Mark Walker with Paiste Twenty Custom cymbals

The new Zildjian stuff is impressive. I really feel that for a while there, a few years ago, Zildjian had lost their way and I really didn't like most of the cymbals they offered. The cymbals they are making today have that old Z mojo back. I played around with the Rides more than anything else. They brought an impressive selection, especially some of the new Ks and K prototypes. The K symphonic Jon Christensen ride was heavy and dryer, but still very musical. The K Dark Complex was just that: dark, with complex overtones. Very beautiful and musical.

A selection of Zildjian Rides


Sabian had some interesting prototypes that sounded great. One of the best sounding cymbals I've ever heard was the Artisan Symphonic Suspended cymbal. The sound was dark and full, but not so dark it would get lost in the music.

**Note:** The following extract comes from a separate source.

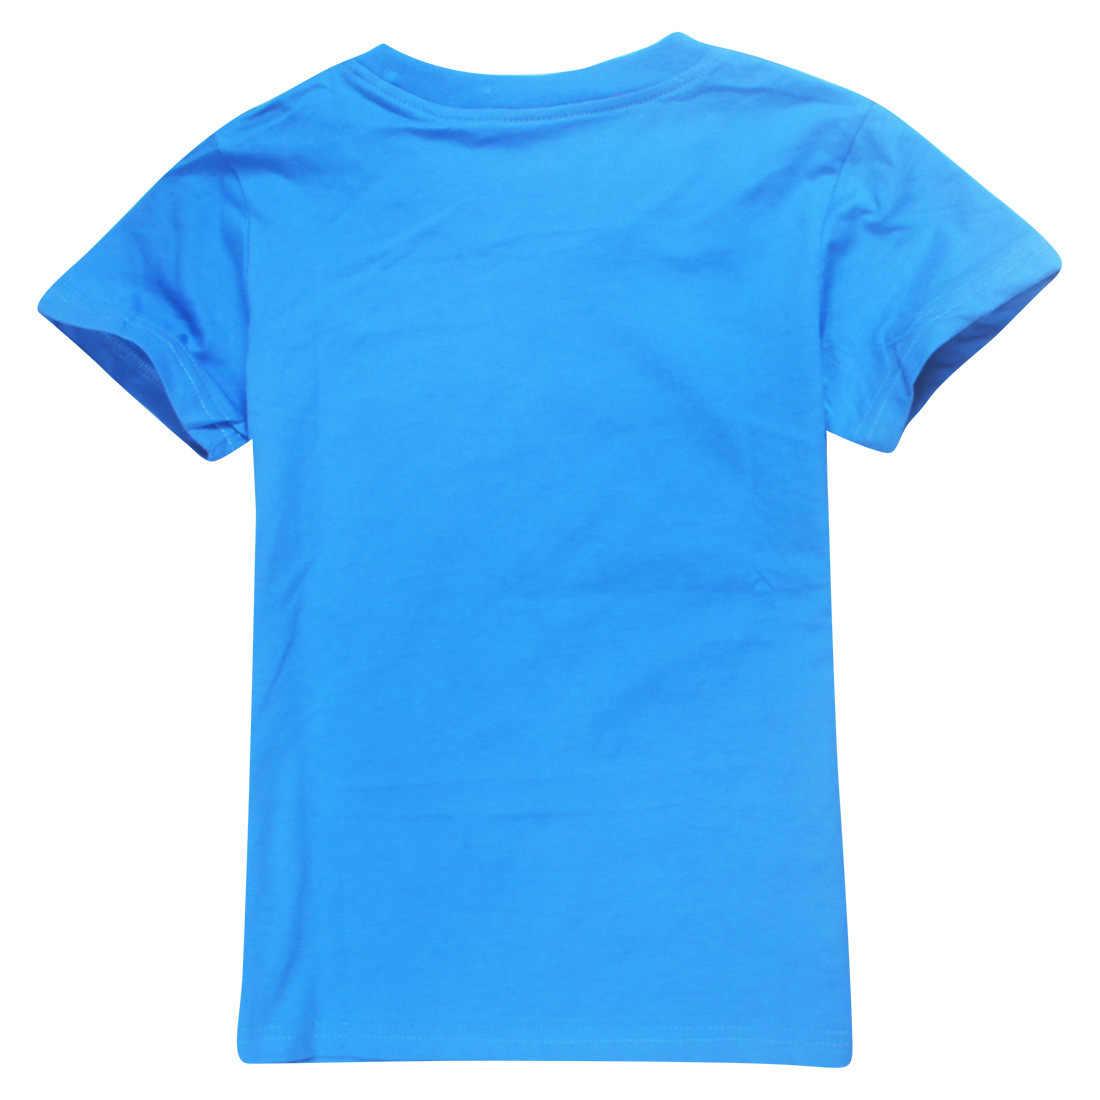 ROBLOX 어린이 의류 유아 소년 만화 복장 아기 소녀 여름 티셔츠 정장 2-16 년 어린이 의류 티셔츠 + 반바지 4pcs

SABIAN Artisan Symphonic Suspended cymbal

I was also intrigued by a prototype that had very wide lathing. The sound was clean and dry.

SABIAN Prototype Ride

Dream keeps getting better every time I hear them. Their cymbals lines really capture all the different sounds. Their Gongs are excellent. I wanted the tuned Gongs they brought for some of the Cage concerts.

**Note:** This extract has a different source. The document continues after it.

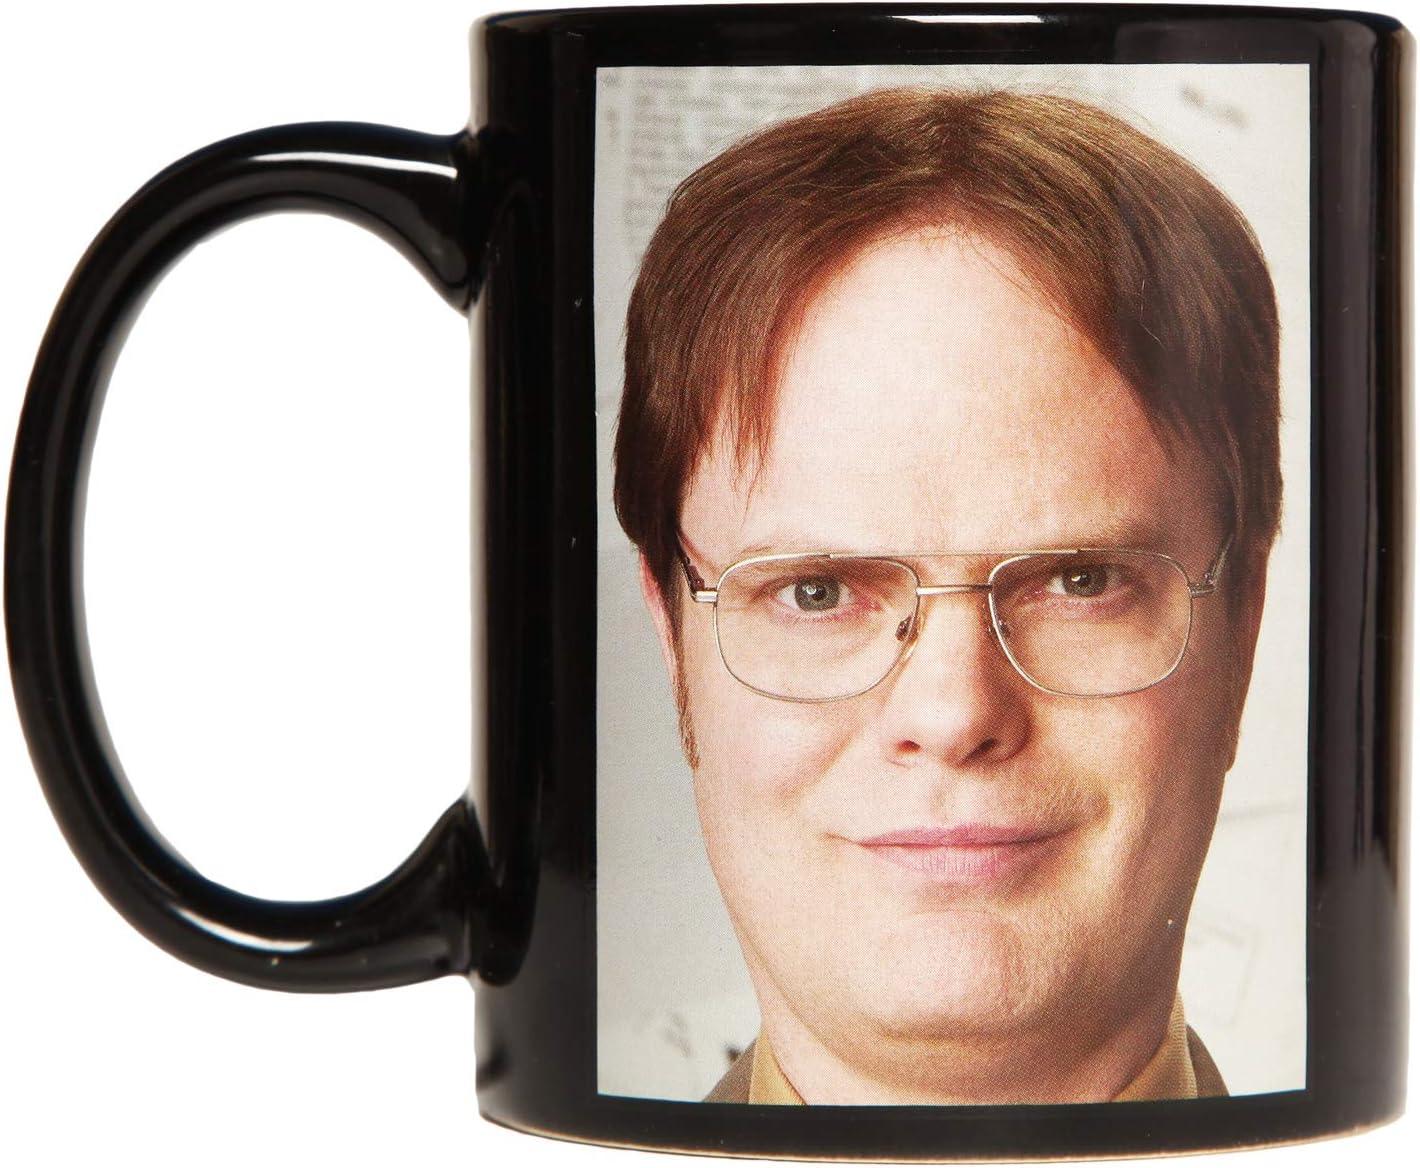 The Office Dwight Acronym 12 oz. Heat Change Ceramic Mug

UFIP was there with some very musical cymbals. Their rotocasting process really does create a very different cymbal. By casting the cymbal into shape, bell and all, it's a lot like casting a bell. Their cymbals actually sound tuned. The Natural Series especially has a tuned quality. You could play down through the different sizes and really notice a controlled pitch for each one.

Matt Nolan had great stuff as usual. If you are not familiar with him, he's a one-man cymbal & Gong company from Bath, England. He uses all different types of metal, including stainless steel, and produces some visually striking instruments. His Gongs include standard Chinese style, and some fantastic shapes, like bat/dragon wings. Matt also brought along a wide variety of his unique hand forged triangles, and apparently he sold everyone of them!

Matt Nolan winged Gong

Fantastic 29" Gong

Visually Stunning Hi-hats

I was really impressed with a few things at Istanbul Mehmet. They had some wonderful rides—while the El Negro series wasn't my cup of tea, the Nostalgia rides were sweet! The 50's Ride & 70's Ride did a great job of recreating the sounds of those eras. They felt/sounded like I was playing old cymbals. I could easily gig with those. I was also impressed with the new Carmine Appice series. As expected, these were heavier rock cymbals, but they were also musical sounding. The ride had great stick definition, with nice body underneath. The China was cutting, yet trashy.

It's funny, while walking around the exhibits and talking to people, I thought I took more photos than I actually did. It was easy to just get caught up in things and forget to grab some photos.